**Task instructions:**
Transcribe all data verbatim. Skip the pictures.

**Data excerpt:**
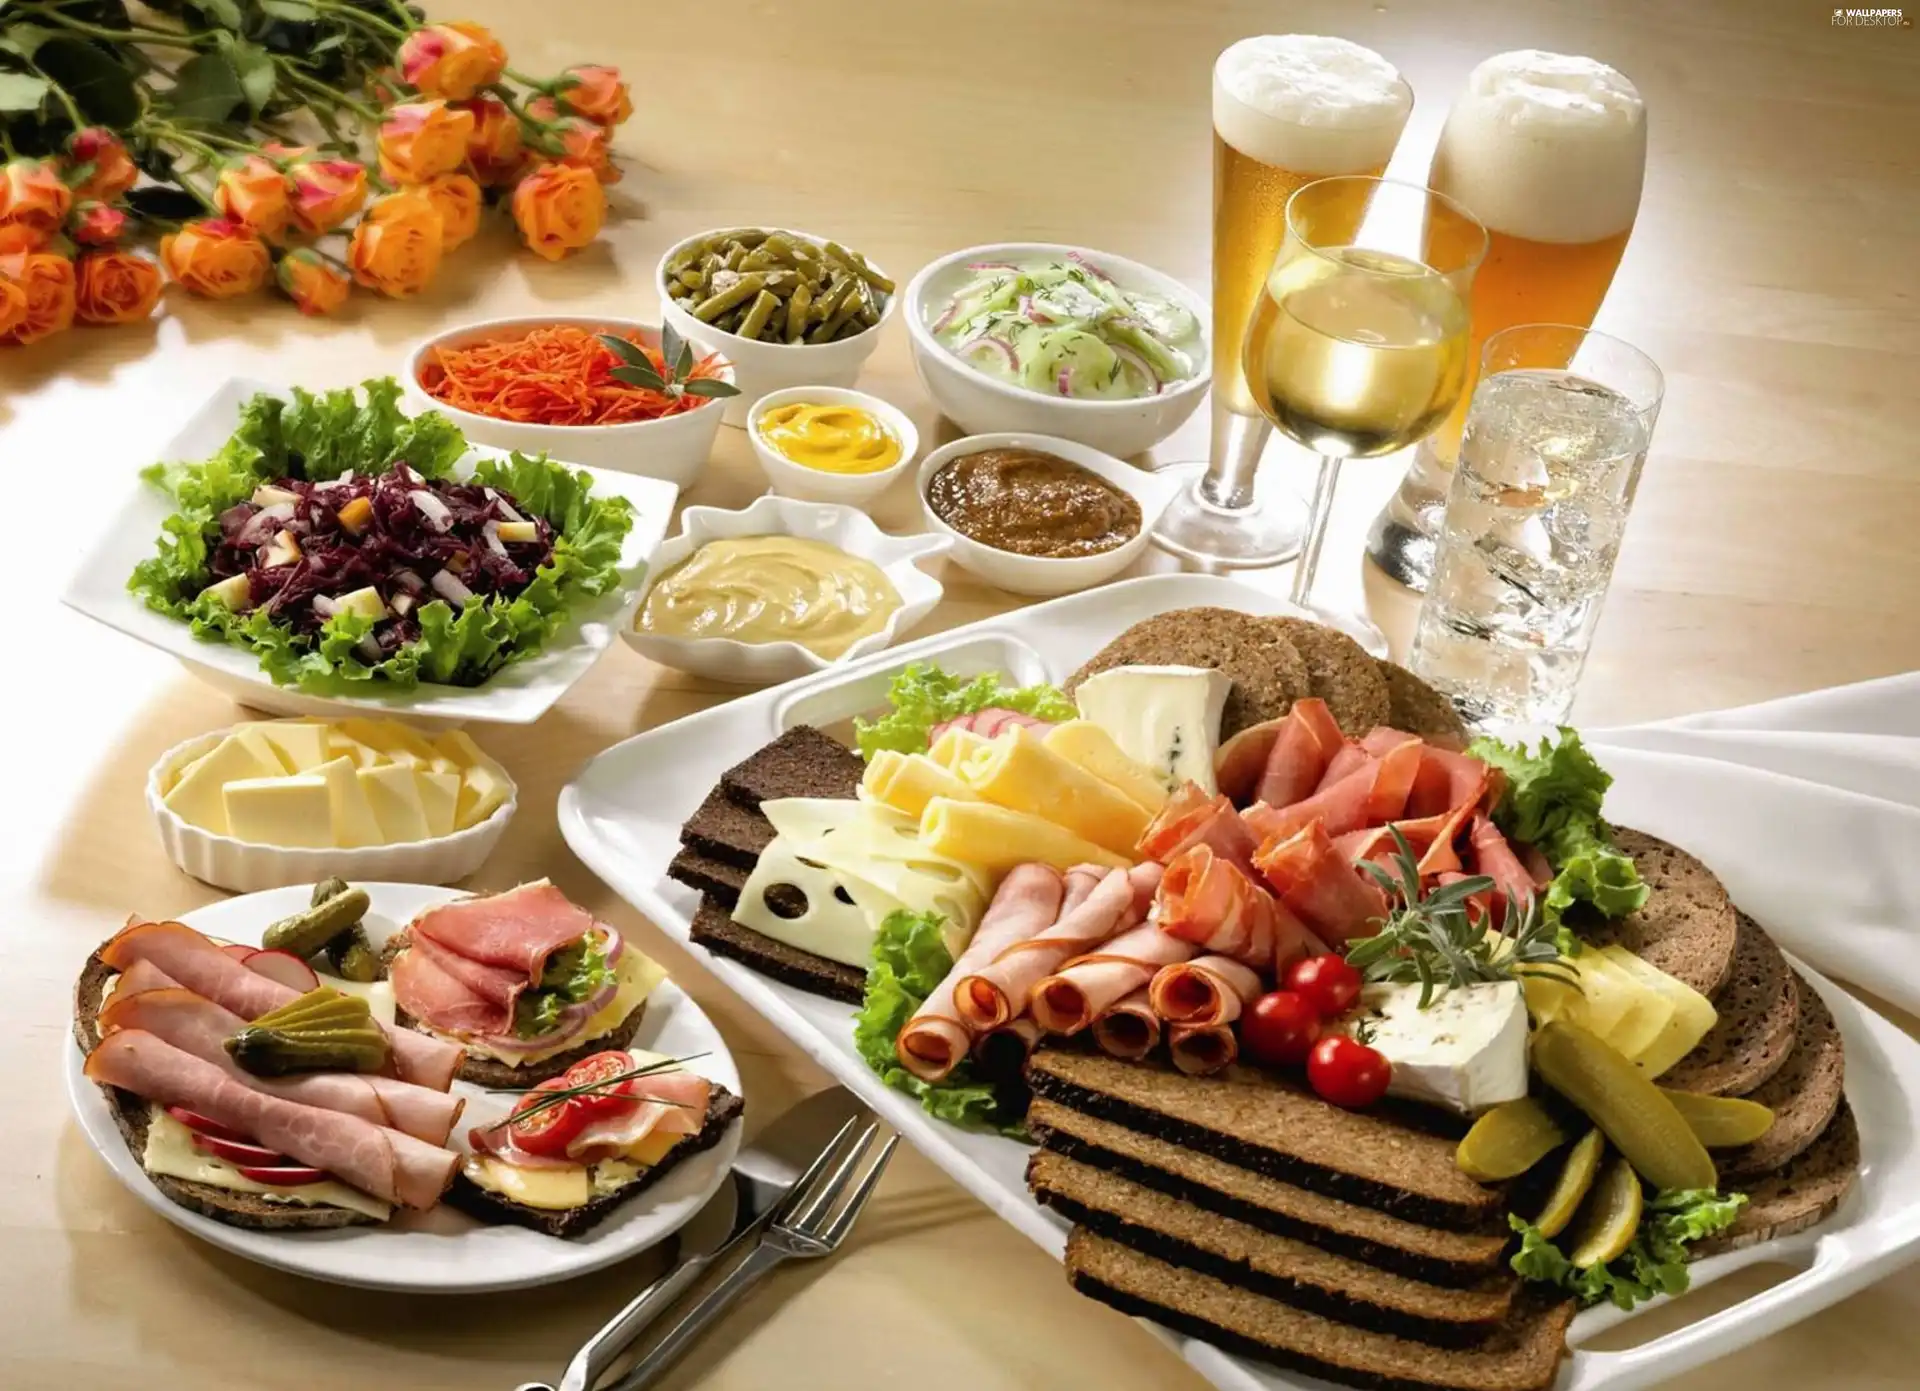 Plates, Beer, dinner, food
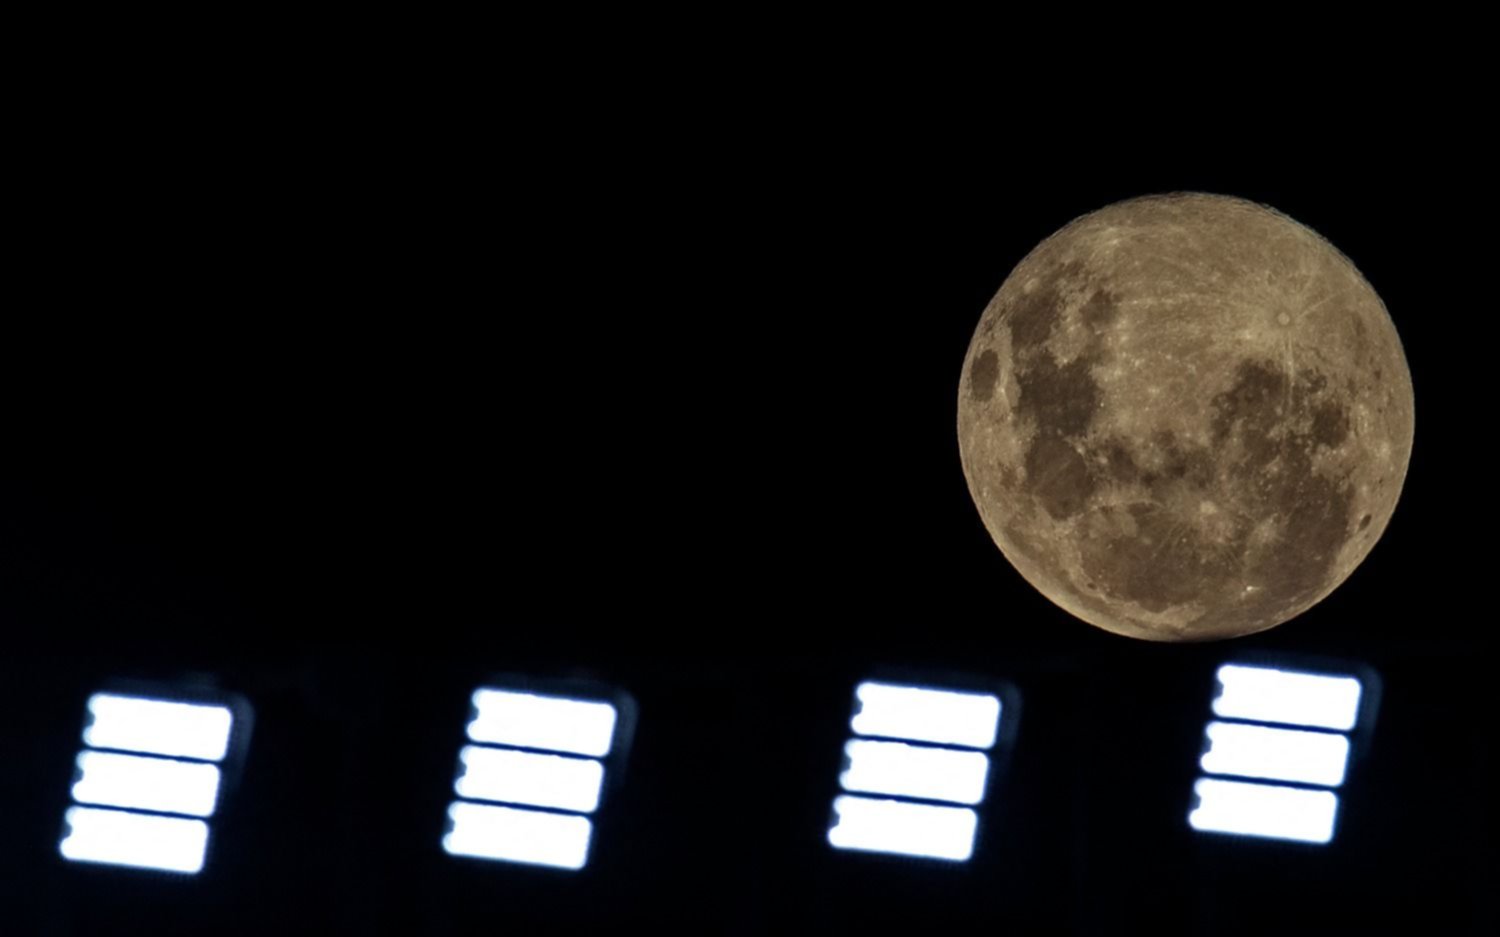 La "Superluna" puede verse esta noche con mayor brillo y tamaño de lo habitual
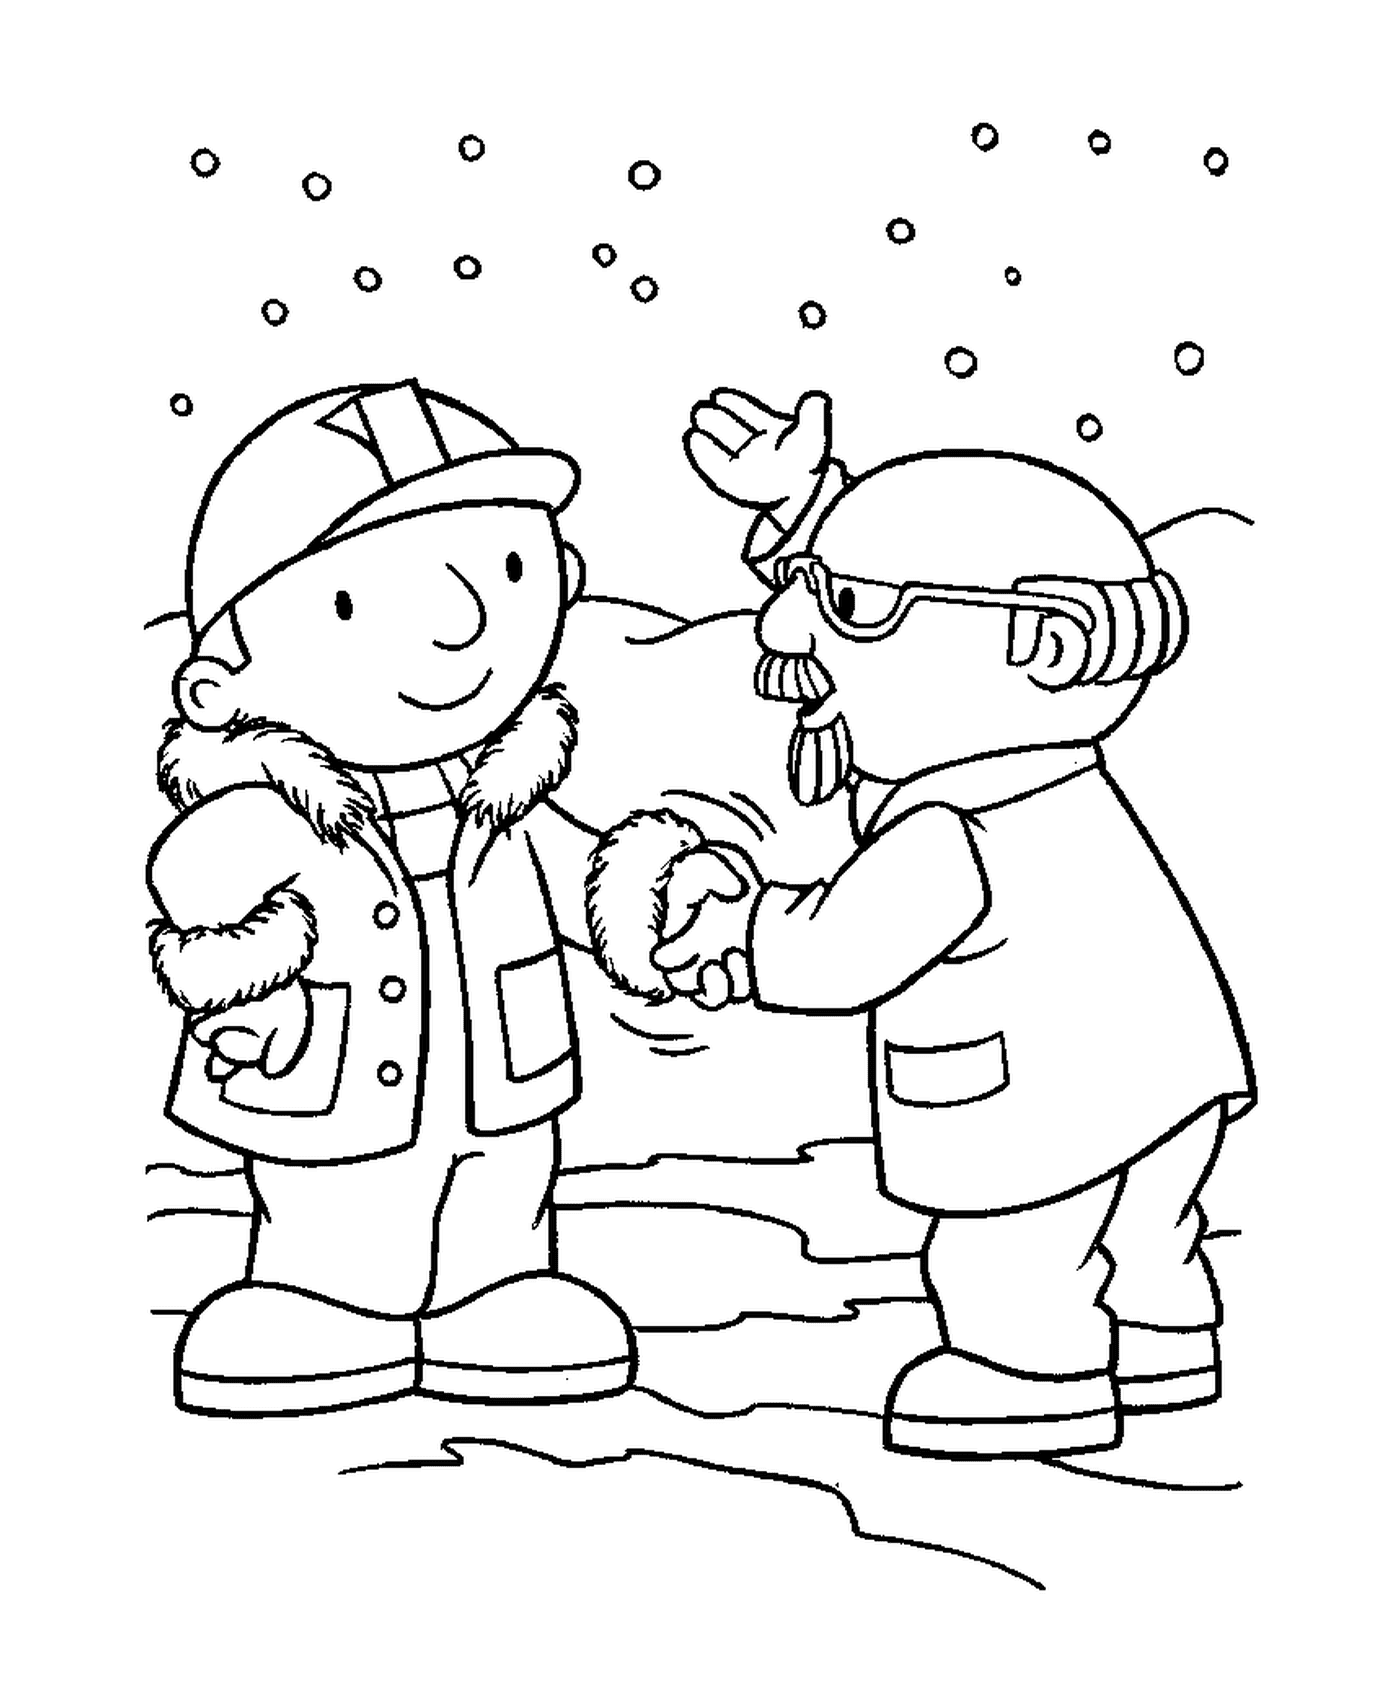  Zwei Menschen schütteln die Hände im Schnee

**Response area:**
 Plates, Beer, dinner, food
 La "Superluna" puede verse esta noche con mayor brillo y tamaño de lo habitual
  Zwei Menschen schütteln die Hände im Schnee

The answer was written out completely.